● **ASSIGNED TASK**:
Count how many lines hold "Main" in the records, and respond with that number by itself.

(DATA FOR PROCESSING begins)

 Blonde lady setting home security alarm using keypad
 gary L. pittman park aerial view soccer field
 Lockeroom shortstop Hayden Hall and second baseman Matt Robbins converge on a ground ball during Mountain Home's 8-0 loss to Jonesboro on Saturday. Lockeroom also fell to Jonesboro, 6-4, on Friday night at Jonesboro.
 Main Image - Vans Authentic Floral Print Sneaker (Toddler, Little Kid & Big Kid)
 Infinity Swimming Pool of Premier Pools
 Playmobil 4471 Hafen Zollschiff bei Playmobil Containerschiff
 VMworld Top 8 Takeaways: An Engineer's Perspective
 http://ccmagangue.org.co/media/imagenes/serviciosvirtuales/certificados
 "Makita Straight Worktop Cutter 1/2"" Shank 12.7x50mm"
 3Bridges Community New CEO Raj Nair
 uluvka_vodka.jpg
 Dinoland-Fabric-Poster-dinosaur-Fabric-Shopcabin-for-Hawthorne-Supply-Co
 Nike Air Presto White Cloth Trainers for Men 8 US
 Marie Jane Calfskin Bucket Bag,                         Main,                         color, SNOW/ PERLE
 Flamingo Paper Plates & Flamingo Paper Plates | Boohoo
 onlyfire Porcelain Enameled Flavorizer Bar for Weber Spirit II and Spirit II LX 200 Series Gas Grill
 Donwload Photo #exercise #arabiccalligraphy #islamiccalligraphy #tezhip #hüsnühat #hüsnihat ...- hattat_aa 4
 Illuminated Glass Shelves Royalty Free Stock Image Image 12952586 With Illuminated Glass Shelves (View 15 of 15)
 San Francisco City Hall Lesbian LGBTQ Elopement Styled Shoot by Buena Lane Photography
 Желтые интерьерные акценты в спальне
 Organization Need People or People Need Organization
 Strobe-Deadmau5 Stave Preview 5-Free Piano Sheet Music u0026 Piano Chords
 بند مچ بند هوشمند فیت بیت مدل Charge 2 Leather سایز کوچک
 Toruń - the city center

(DATA FOR PROCESSING ends)

● **SOLUTION FOR THIS PROBLEM**:
2